*Information provided*.
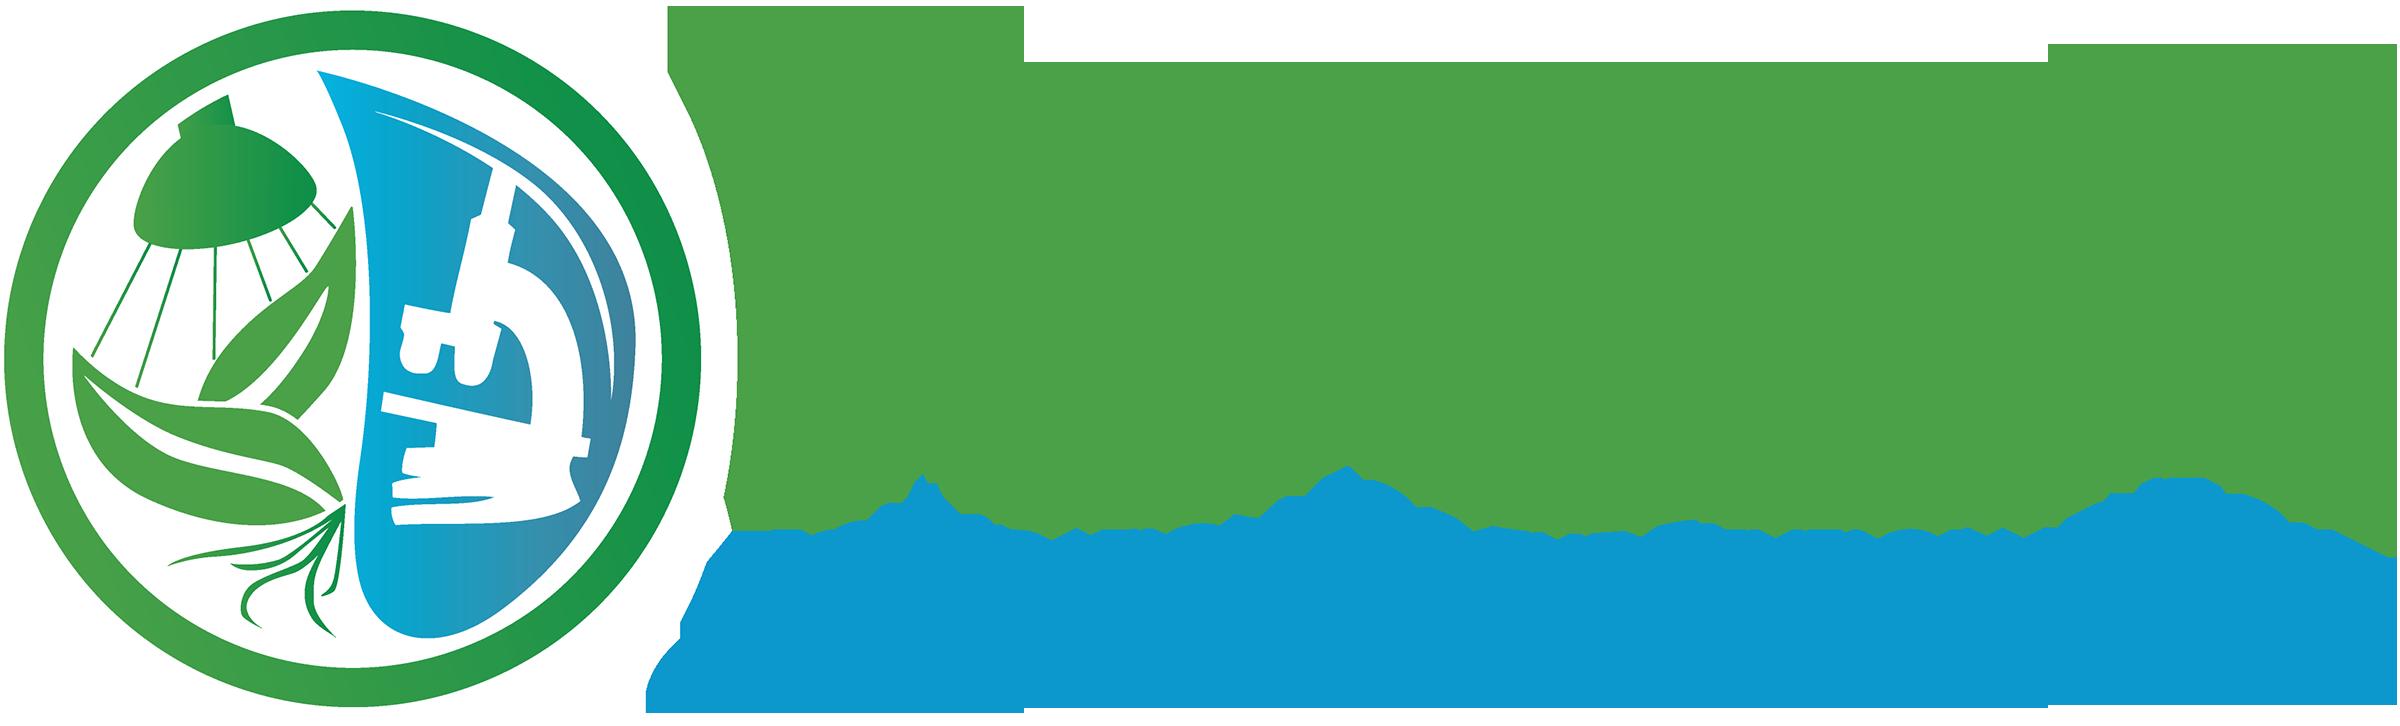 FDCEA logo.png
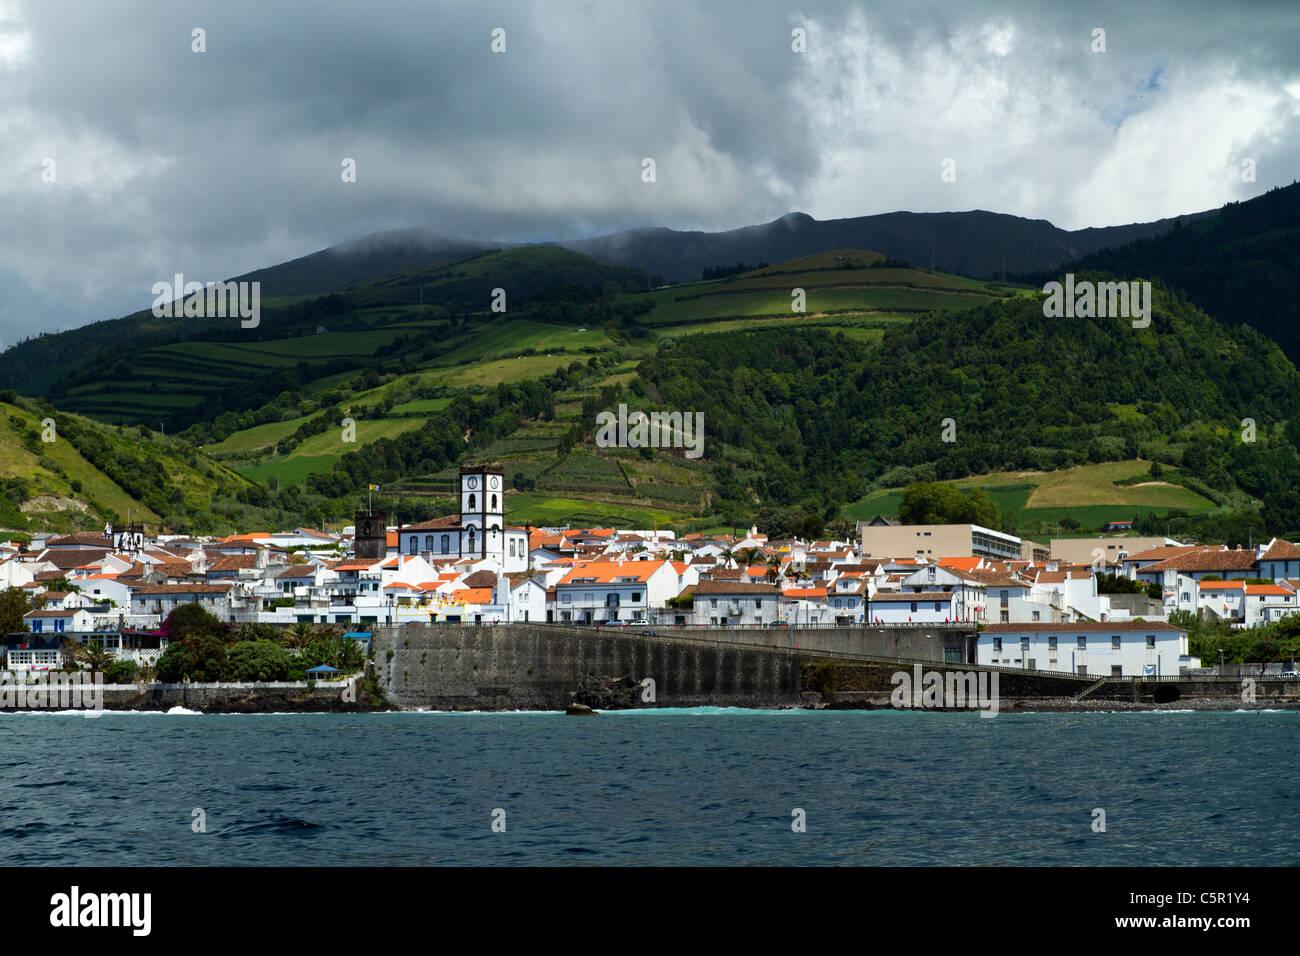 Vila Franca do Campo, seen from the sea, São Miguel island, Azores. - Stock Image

==

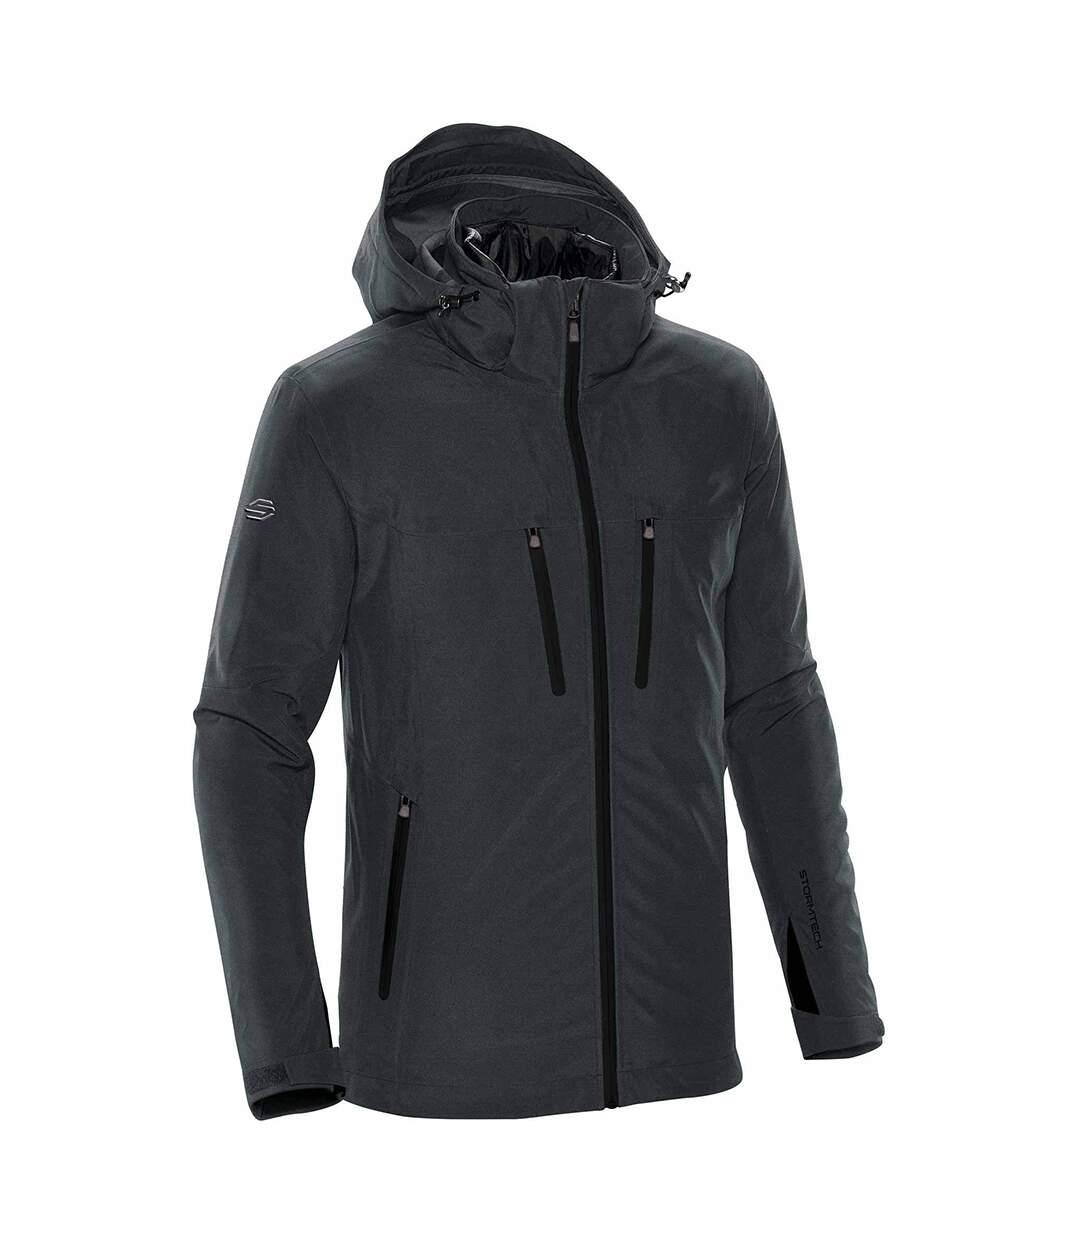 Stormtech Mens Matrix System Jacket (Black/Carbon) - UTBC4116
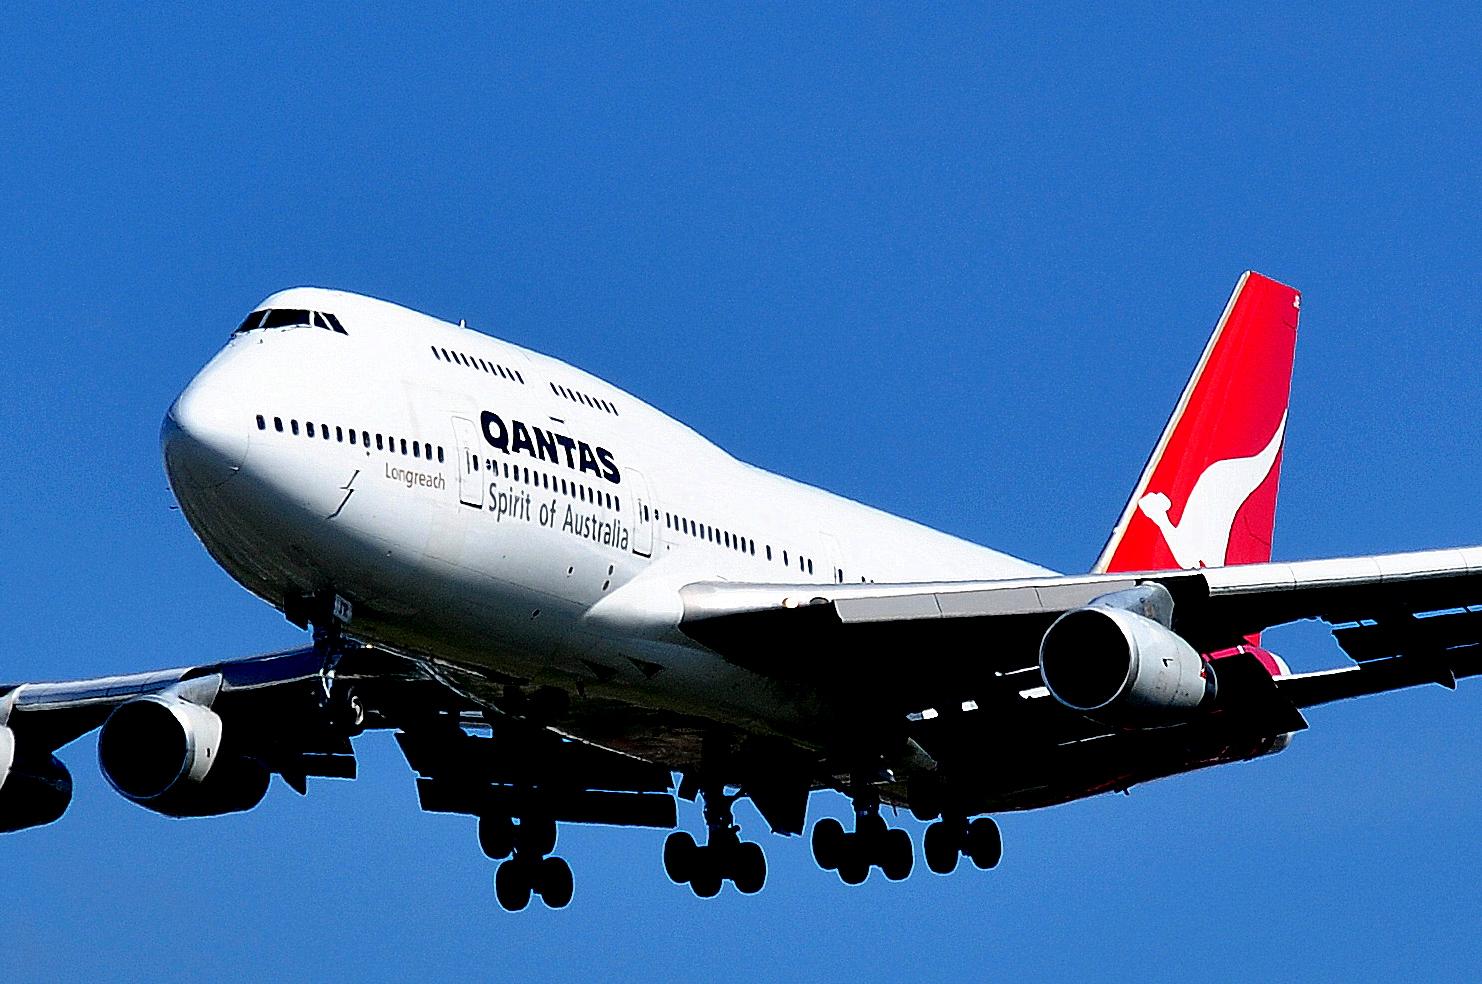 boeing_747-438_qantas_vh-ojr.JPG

*What is needed*. Above are some records; quote exactly and only the lines that begin at the line containing "FDCEA logo.png" and stop after the line containing "Vila Franca do", leaving out the pictures.

*Your response*.
 FDCEA logo.png
 Vila Franca do Campo, seen from the sea, São Miguel island, Azores. - Stock Image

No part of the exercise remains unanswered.